Pain and the Brain – the mind/body connection
Mind/body interaction and our perception of pain has been studied intensively in recent decades. We have discussed pain mechanisms previously on this blog but suffice it to say at this point that the concept of the pain experience being simply related to activation of nociceptors, as a consequence of tissue trauma, is now widely recognised as only one potential mechanism in the perception of pain. The IASP (international association for the study of pain) has defined pain as an ‘unpleasant sensory and emotional experience associated with actual or potential tissue damage’. Now that covers a fair spectrum of sensations!
It has now become routine in physiotherapy practice to consider that, non-resolving / slowly resolving conditions, are attributable to central nervous system malfunction (sensitisation) and those which behave predictably fit neatly into the categorisation of nociceptive pain, attributable to local tissue trauma. Here the resolution of symptoms is associated with the reduction in local inflammatory signs such as, swelling, sensitivity, tissue thickening and load tolerance.
The mechanism of sensitivity reduction is attributed to the resolution of the so called ‘inflammatory soup’, which perpetuates peripheral sensitisation and resolves in accordance with known tissue healing times.

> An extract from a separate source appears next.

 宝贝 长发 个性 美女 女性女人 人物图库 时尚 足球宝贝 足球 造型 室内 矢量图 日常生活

The biological reality is that nociceptive stimulation has immediate central nervous system manifestations in terms of neuronal activation at the spinal cord level and regions of the mid brain (thalamus) and sensory cortex. Much of the research looking at central mechanisms of processing, have evolved from Ronald Melzack’s concept of the neuromatrix, which postulated a neural signature within the brain associated with an individual’s response to painful stimuli. Much of this work has been expanded upon by physiotherapy’s own Lorimer Moseley , Herta Flor and other brain imaging specialists.
We know from much of the work on chronicity and disability perpetuating factors in low back pain, that there are multiple environmental and attitudal factors (classified under the flags system and here which also profoundly influence the level of symptoms and disability experienced. The vast majority of research in this area seems to relate to persistent low back pain and whiplash. If we were to consider many of the other musculoskeletal conditions with a high propensity to chronicity i.e. tennis elbow, plantar fasciitis, Achilles tendonitis and headaches the questions is whether these neuronal factors are the key determinates in perpetuating sensitivity, or whether we are still looking at a peripheral nociceptive mechanism?

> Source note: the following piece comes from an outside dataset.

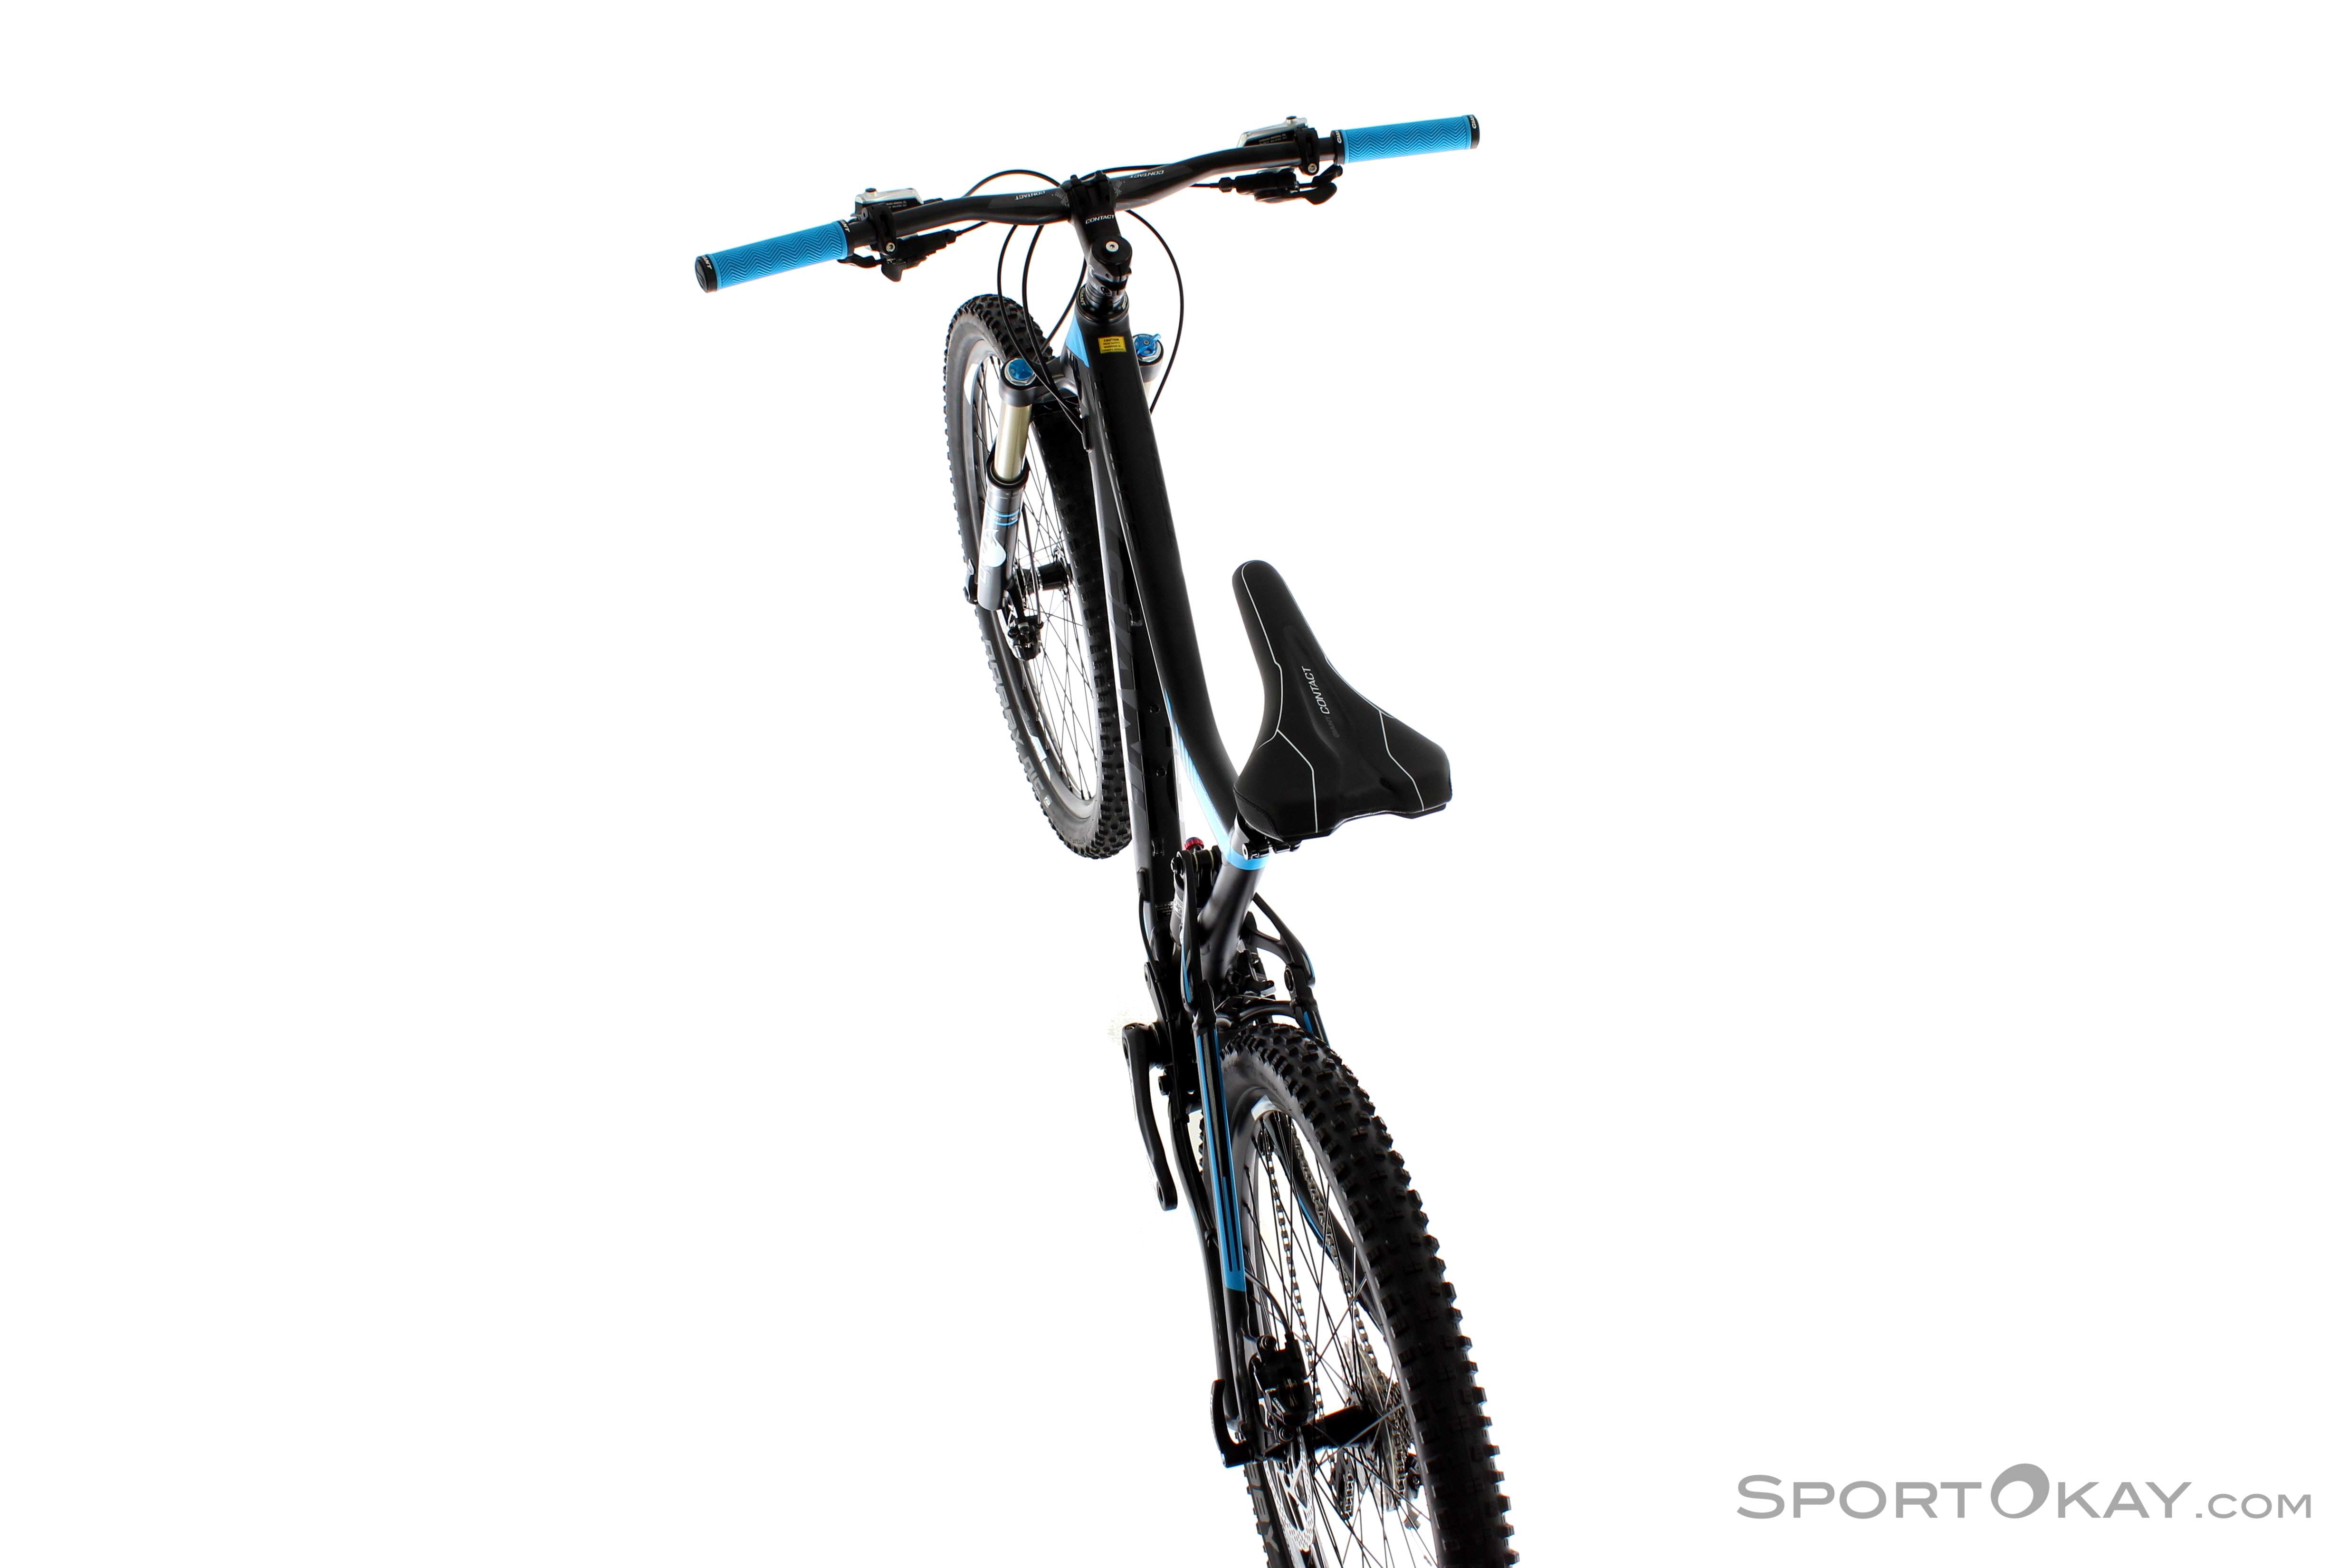 2 pièces vélo guidon glands accessoires extérieur cyclisme

Much of the interesting work by Moseley’s team involves illusionary stimuli to alter neuronal output or influence symptom experience. This can involve manipulating perceived sensory input or altering the perception of motor output. One interesting illusion, which illustrates mind/body interaction and its manipulation is the ‘thermal grill illusion’.
The Thermal Grill Illusion
Todd Hargrove has written eloquently on this and I have extracted some of his thoughts below.

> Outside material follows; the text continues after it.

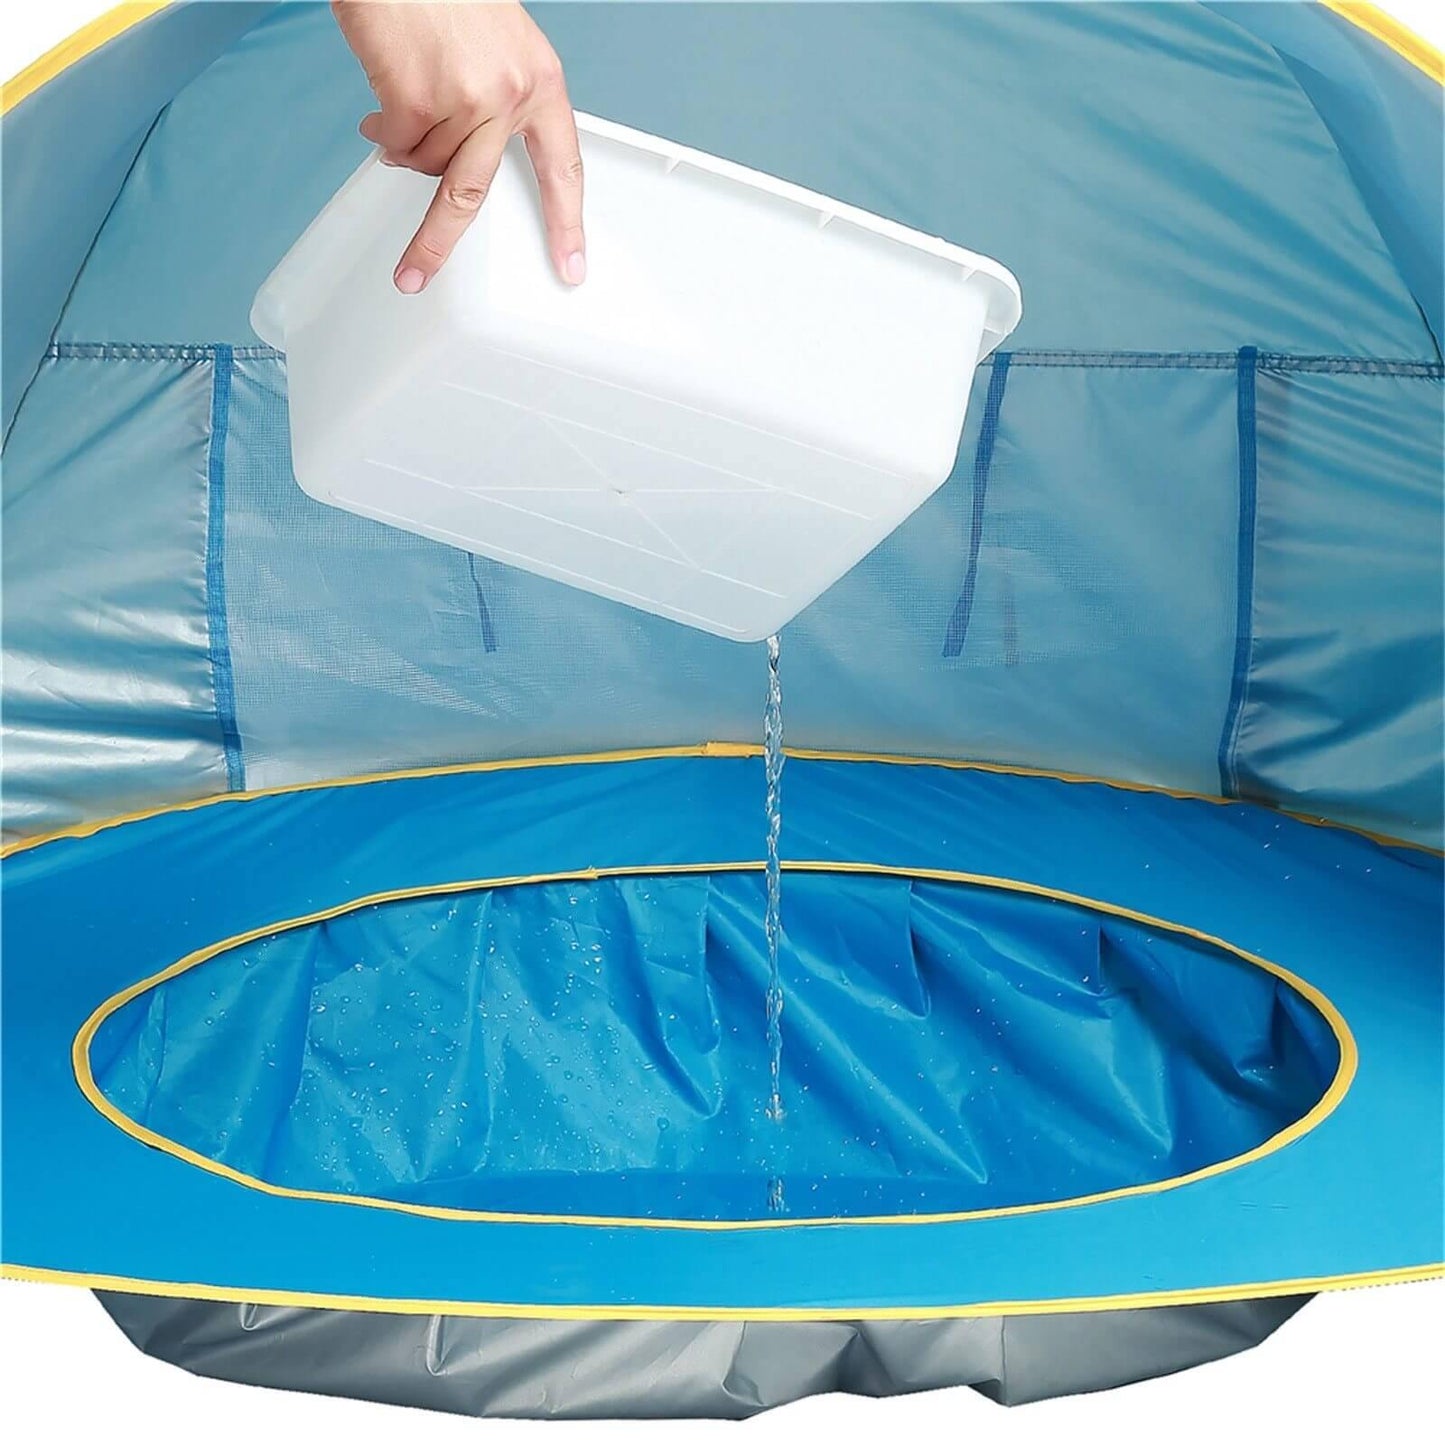 UV-protecting Children Waterproof Beach Tent

The thermal grill illusion is a phenomenon of sensory motor mismatch. The thermal grill illusion is created by placing the index and ring fingers in warm water and the middle finger in cold water. This unusual sensory input apparently confuses the brain into thinking the middle finger is in boiling water because it somehow results in a feeling that the middle finger is painfully hot. In a recent study researchers induced pain through the thermal grill illusion and asked the subjects to press their fingers together. This cut the pain intensity by 64%.
However, they were unable to reduce the pain by doing several other forms of touching, such as touching the hands of the other people or by pressing their hands together in an overlapping fashion. The researchers noted that the thermal grill illusion was reduced only when thermosensory and tactile information from all three fingers was fully integrated. That is, the thermal illusion reduction required a highly coherent somatosensory pattern, including coherence between tactile and thermal patterns and coherence of stimuli between the two hands. In other words, the pain didn’t go away until the brain received sufficient sensory information to correct the distortions in the body maps.
One of the debates regarding nociception is the debate between perceived and actual tissue damage and the mechanisms of excitation of nociceptors . Whilst changes in sensory and motor firing patterns have been well documented in the presence of peripheral sensitisation (associated with tissue trauma), there appear to be other mechanisms of nociceptor sensitisation not directly associated with such evident trauma.
We know there are sub groups of nociceptors , which are chemo-sensitive, thermo- sensitive as well as the obvious mechanosensitive. Perhaps there are other sub classes of nociceptors, which perpetuate unpleasant sensory bombardment of the central nervous system. Although we have undoubtedly come a long way in our classification of pain mechanisms, there is a danger that the peripheral central mechanism pendulum has swung so far towards central mechanisms, that peripheral are being neglected.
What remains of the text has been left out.